L’homme en habit transportait trois chemises dans un sac transparent de nettoyeur : une blanche, une bleue, et une lignée bleue et blanche. Celle sous son veston était bleu ciel. Peut-être que l’audace était dans sa cravate et ses bas rouges? Je ne suis pas à l’affût des tendances dans le domaine des affaires.
Tandis que je lui inventais une vie en lisant à l’envers la facture accrochée après les cintres et en pensant ça coûte donc ben cher faire nettoyer des chemises bleues, une olive noire dénoyautée a roulé entre nos pieds. J’ai d’abord cru que c’était un raisin, puis un bleuet, parce que qui grignote des olives en canne dans le métro? Une madame qui portait ces malheureux souliers de cuir avec des orteils l’a écrasée sans la voir. Là encore, j’aurais apprécié un témoin, juste un. J’étais dans une pièce de théâtre expérimental, mais je n’ai pas réfléchi longtemps à la signification de l’affaire.

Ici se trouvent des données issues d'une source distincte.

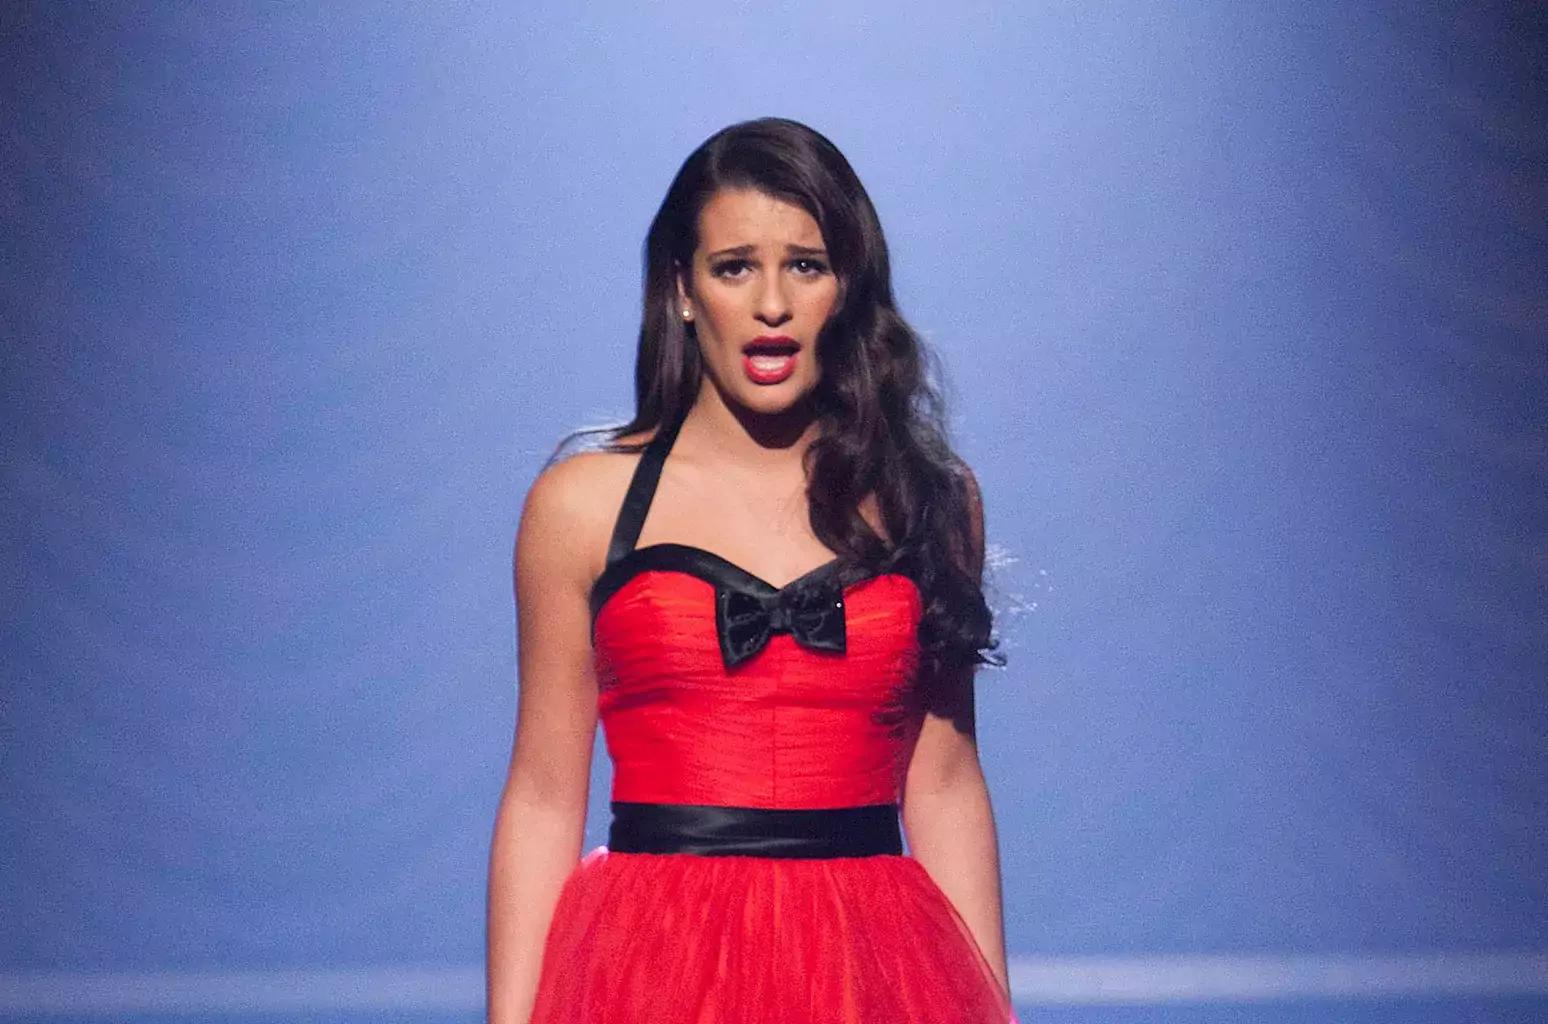 Rachel from Glee

On n’a pas besoin de chercher des symboles et des métaphores partout, tsé.
Mes écouteurs me jouaient tout croche un mauvais shuffle depuis Square-Victoria, jusqu’à cette toune de Radio Radio. La toune d’un début. Je me suis demandé ce qui était pire : être la personne qui est malade dans un wagon, ou être celle qui pleure. Deux expériences qui manquaient à mon cheminement, mais que je n’avais pas nécessairement envie de vivre non plus.
On n’a pas besoin de tout essayer, tsé.
Une fois, j’ai tenu la main d’une inconnue qui était pliée au-dessus d’une poubelle du métro, en attendant les ambulanciers. Et trois fois j’ai demandé à des passagers qui n’arrivaient pas à contenir leur peine si ça allait. J’ai regardé autour de moi : il y avait l’homme à la cravate rouge, la madame aux mauvais souliers, et une couple de gens encore moins avenants. J’ai pensé qu’aucune de ces personnes ne me tendrait la main si je m’épanchais. J’ai touché l’épaule de la fille à côté de moi et lui ai dit que j’aimais ses cheveux. Apparemment, j’ai fait sa journée. Facile comme ça : un compliment gratuit, une réaction charmante, un mauvais feeling potentiel mis en échec. I win.
Les mélomanes ont des histoires qui commencent avec un band et finissent avec un autre. Leurs trames se tissent de musiques à partager, écoutées en boucle les jambes et les coeurs emmêlés, en road trip ou dans la tempête d’un lit. Après la fin, il y a ces artistes qu’on emballe parce qu’ils rappellent un temps qui n’existe plus. Comme on se sépare les meubles, on laisse aller les éphémères, mais on garde toujours Beck, parce qu’il nous suit depuis bien avant.
Faque. Je n’ai ni pleuré, ni vidé mon estomac dans mes mains, parce que vraiment, je n’avais envie d’aucun des deux. Une toune de 2012 n’allait pas résonner dans un samedi de 2014. Je me suis dit ride on et j’ai arrêté le shuffle en souriant. Il y avait un nouveau band que j’avais envie d’écouter.